4721 nautical miles to Flensburg is written on our board in the kitchen. As the crow flies, as the English say, as the crow flies. In reality, of course, there are a few hundred miles more, because the "Marlin" can't fly over islands or sail directly into the wind.
On 31 May, one day before the official start of the hurricane season in the Caribbean, the time has finally come. The rig has been repaired, the forecastle boxes are full, tonnes of vegetables and eggs have been taken on board and the obligatory banana tree is dangling in the pulpit. There are five of us on board, Micha, the girls and myself as well as Micha's grown-up son Julian, who has already accompanied us on the journey from Surinam to Trinidad.
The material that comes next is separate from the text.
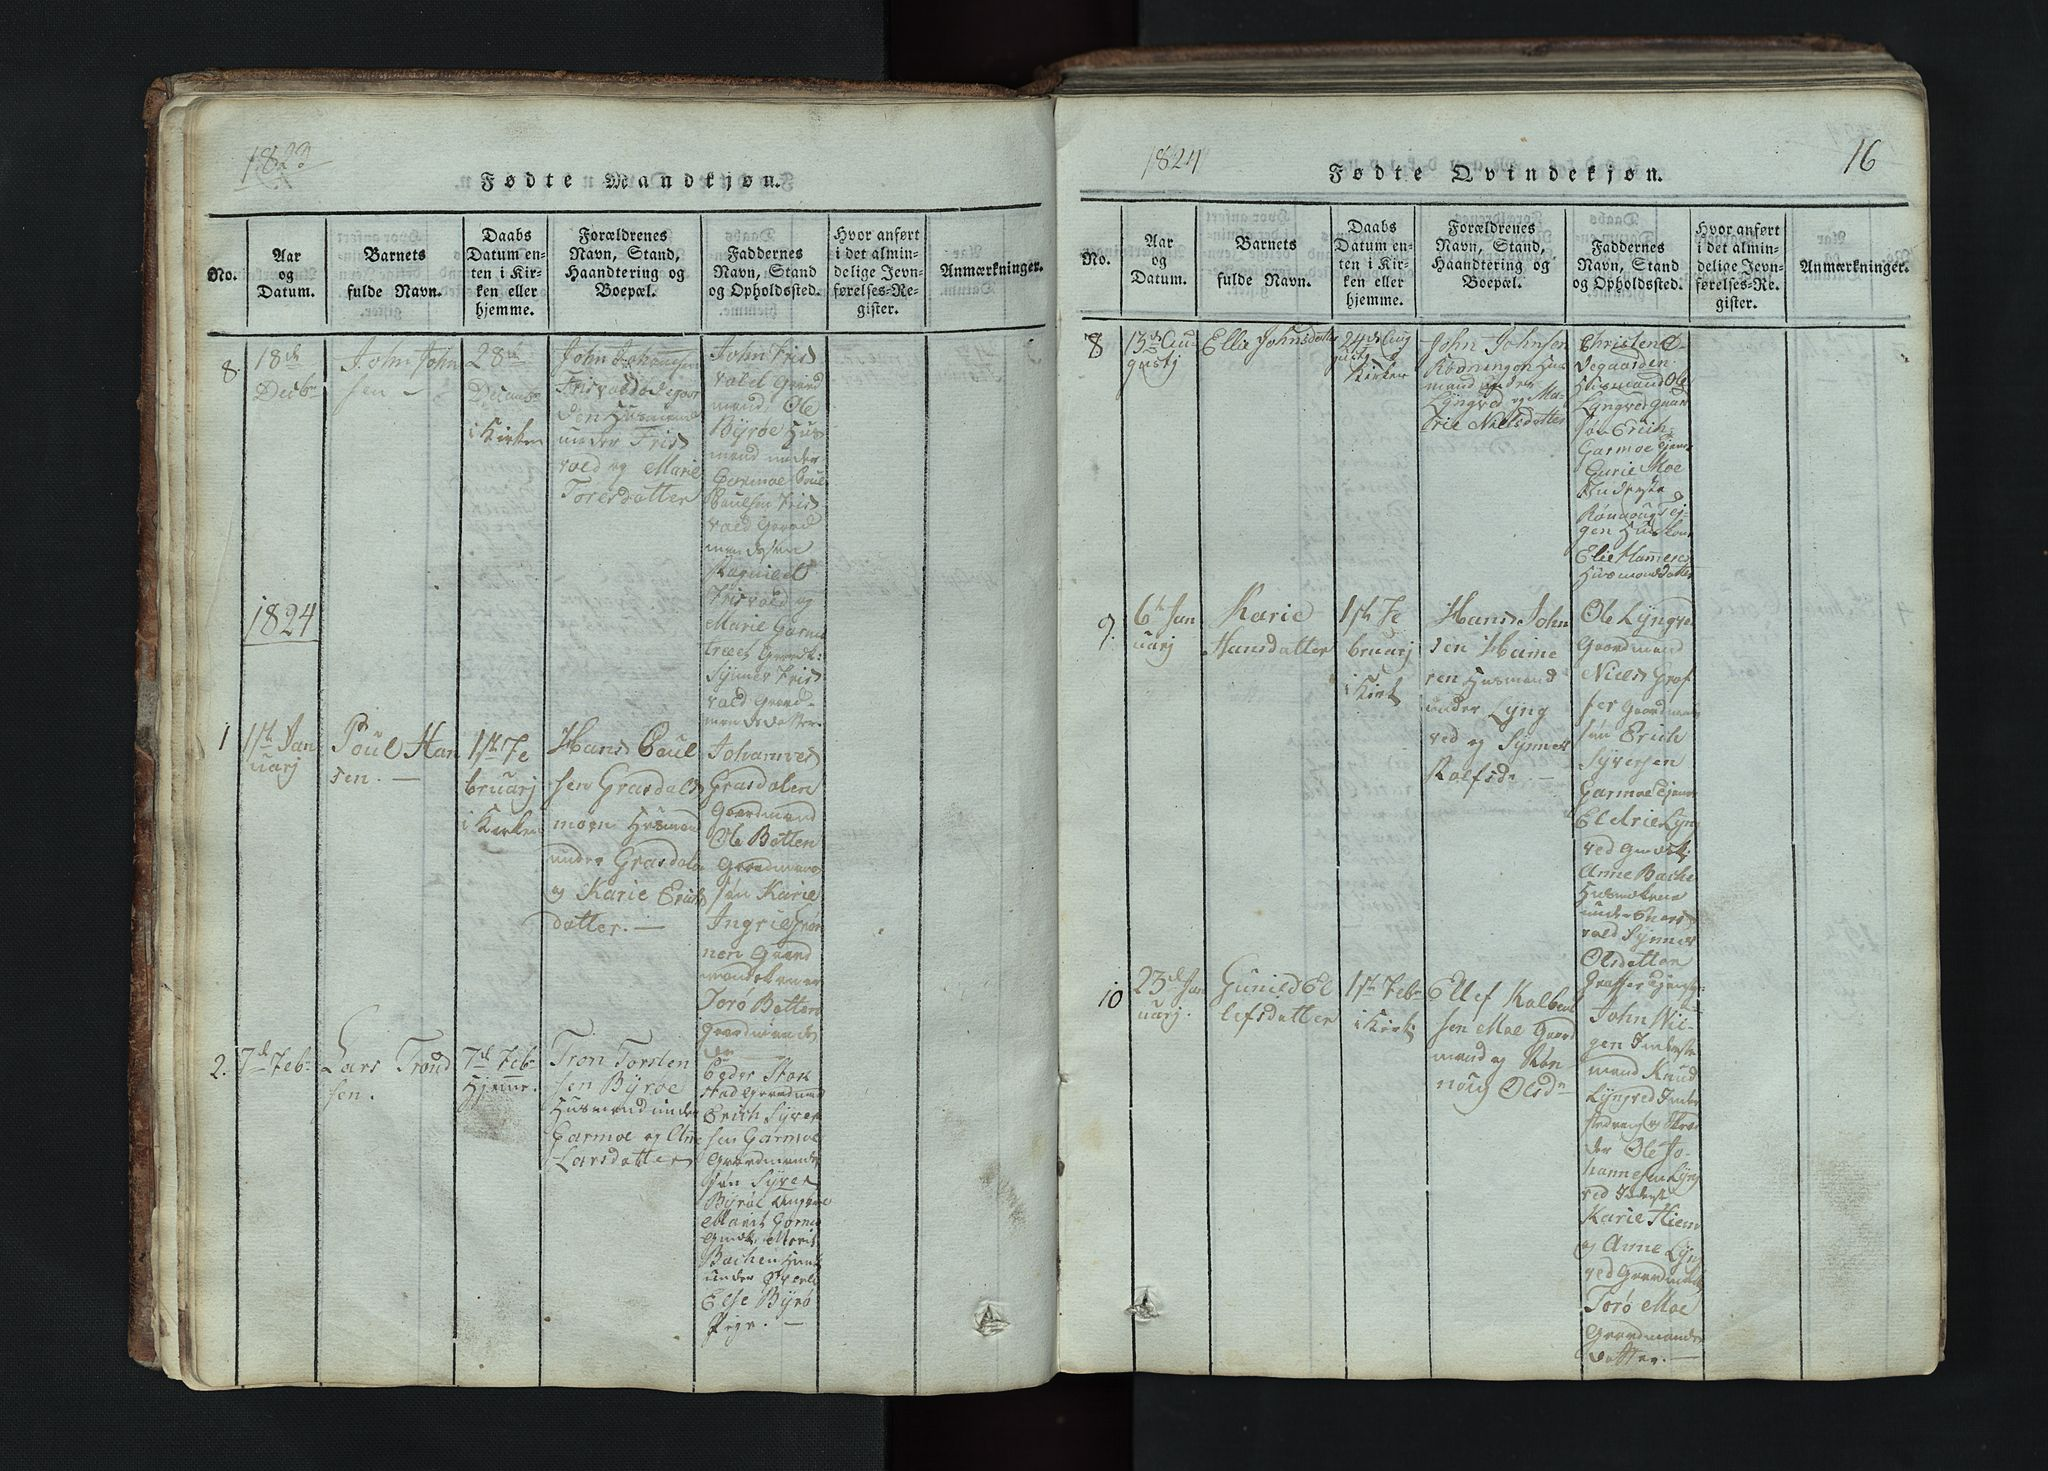 SAH, Lom prestekontor, L/L0002: Klokkerbok nr. 2, 1815-1844, s. 16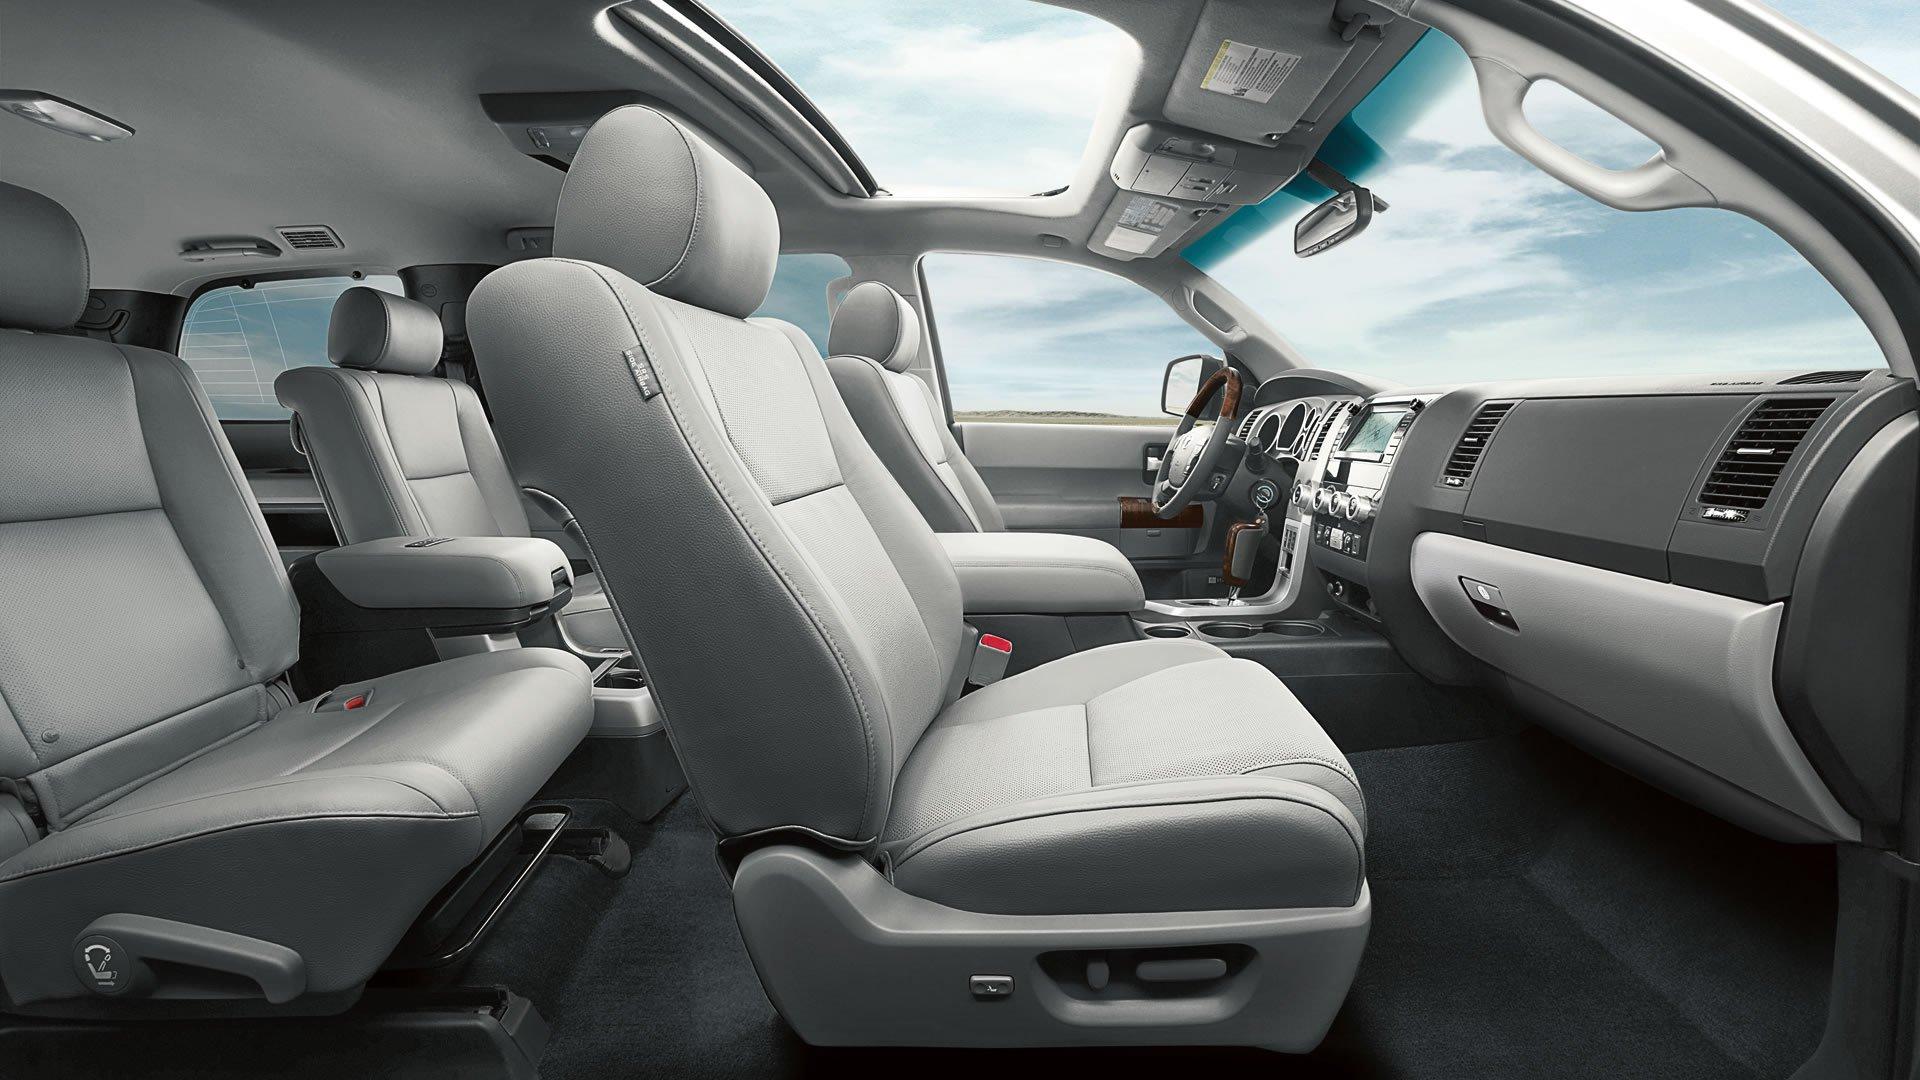 1401125706 05 - Тест-драйв Toyota Sequoia (2014)

Non-stop to the Azores is the plan, arriving before the first round of 16 of the football World Cup. After weeks of waiting, we are in such a hurry to finally get away from the unloved Montegobay in Jamaica that we set sail in the evening with the sunset behind us. The twilight in the tropics is short, very short, so that we barely have any daylight when we set the main. By the time we reach the cape, which has annoyed us several times with extremely unpleasant waves and cross seas, it is pitch dark.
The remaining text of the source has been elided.